Waxing a knife?

I just ordered some neutral shoe polish to try on the stone scales. I currently use Rennaissance Wax so Bill you have me curious now.... :)
 
Bowling Alley Wax is what I use. It came highly recommended from some very accomplished makers. I like it better than Ren Wax, and it's cheaper.
 
I must have misunderstood.... how do I get the candle wax off my blade? Will the smell still remain?

if it's paraffin based wax, mineral spirits will dissolve it and then you can wash your blade with soap and water and use a microfiber cloth after washing to get the last little bit off. Mineral oil may also cut it - it softens beeswax, but I haven't tried making a mix of mineral oil and paraffin.

if there's even the slightest amount of wax left on the blade and you look a the knife under a hand held microscope, you'll see it. If you don't have a hand held microscope, then you're left to just keep using a clean section of microfiber cloth until you've stopped seeing anything come off on the cloth and then several more times over to be sure.

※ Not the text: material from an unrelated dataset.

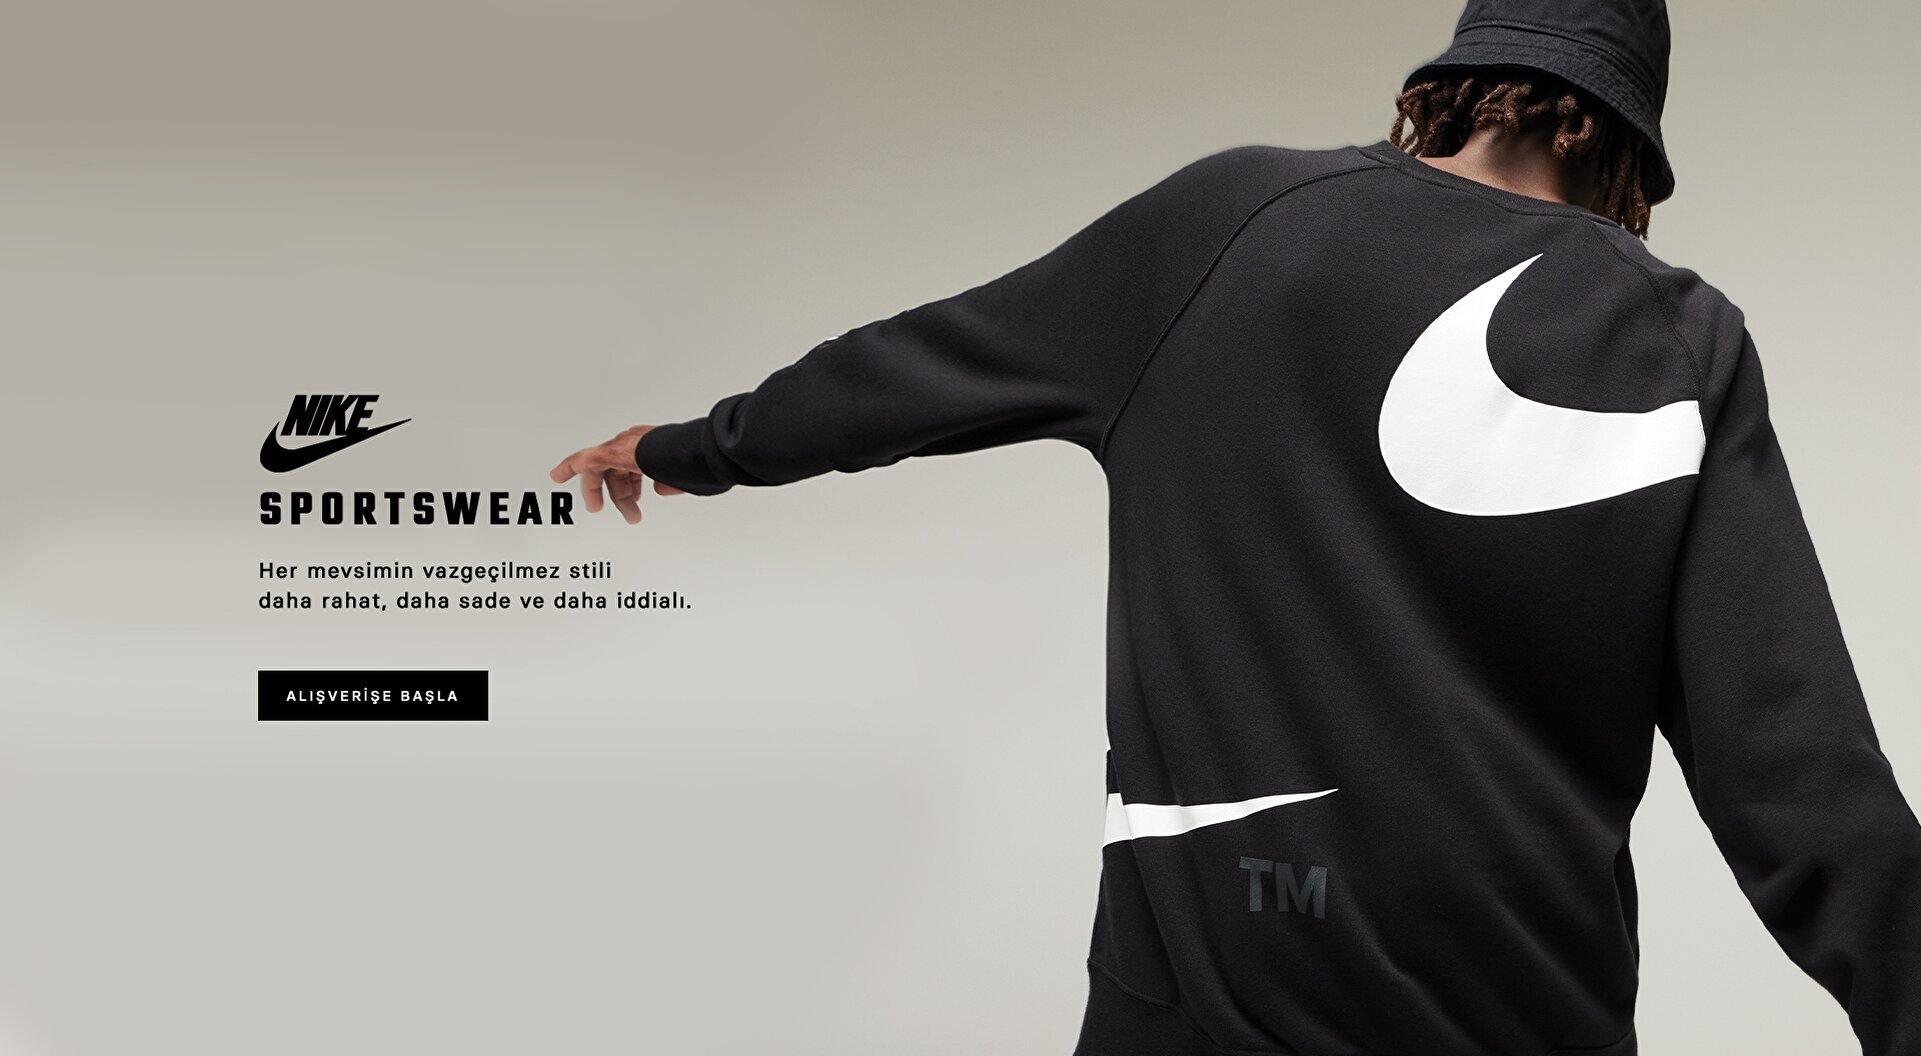 Sportswear151021

If you get everything washed, there will be no smell or taste. You can get to the same place with vigorous washing and wiping if you don't like the mineral spirits idea. When you are cleaning wax (or wiping off oil) with something that doesn't dissolve it and there's a lot, you are basically transferring it to a cloth and distributing some over the surface of whatever you're cleaning. It becomes sort of an iterative process, for example, maybe you get 80% off it off on a clean cloth each time you go over it, but it takes a little while before there's so little left that it's negligible.

Just to show the microscope comment - here is a blade that had light oil for sharpening. This is how much oil is still left on the blade after wiping the blade with a clean section of cloth four different times:

oily blade

Almost all of the lines and all of the little dots are oil - far from being any amount that would dirty a cloth at this point, but still there. If there's even a little spot of oil on the side of the blade and the whole blade is wiped, you end up distributing it all over the knife. the scale of this picture is only 1.9 hundredths of an inch in height.

The other side of this comment is if you can't smell or feel the oil or wax on the blade, then there's probably not enough on it to matter.
 
if it's paraffin based wax, mineral spirits will dissolve it and then you can wash your blade with soap and water and use a microfiber cloth after washing to get the last little bit off. Mineral oil may also cut it - it softens beeswax, but I haven't tried making a mix of mineral oil and paraffin.

if there's even the slightest amount of wax left on the blade and you look a the knife under a hand held microscope, you'll see it. If you don't have a hand held microscope, then you're left to just keep using a clean section of microfiber cloth until you've stopped seeing anything come off on the cloth and then several more times over to be sure.

If you get everything washed, there will be no smell or taste. You can get to the same place with vigorous washing and wiping if you don't like the mineral spirits idea. When you are cleaning wax (or wiping off oil) with something that doesn't dissolve it and there's a lot, you are basically transferring it to a cloth and distributing some over the surface of whatever you're cleaning. It becomes sort of an iterative process, for example, maybe you get 80% off it off on a clean cloth each time you go over it, but it takes a little while before there's so little left that it's negligible.

Just to show the microscope comment - here is a blade that had light oil for sharpening. This is how much oil is still left on the blade after wiping the blade with a clean section of cloth four different times:

oily blade

Almost all of the lines and all of the little dots are oil - far from being any amount that would dirty a cloth at this point, but still there. If there's even a little spot of oil on the side of the blade and the whole blade is wiped, you end up distributing it all over the knife. the scale of this picture is only 1.9 hundredths of an inch in height.

The other side of this comment is if you can't smell or feel the oil or wax on the blade, then there's probably not enough on it to matter.
It was just a joke. I appreciate the response though.
 
Nuther vote for Mother's Carnuba Car wax! I use to use Ren Wax decades ago. But quit it. For my deal a carnauba car wax is way better.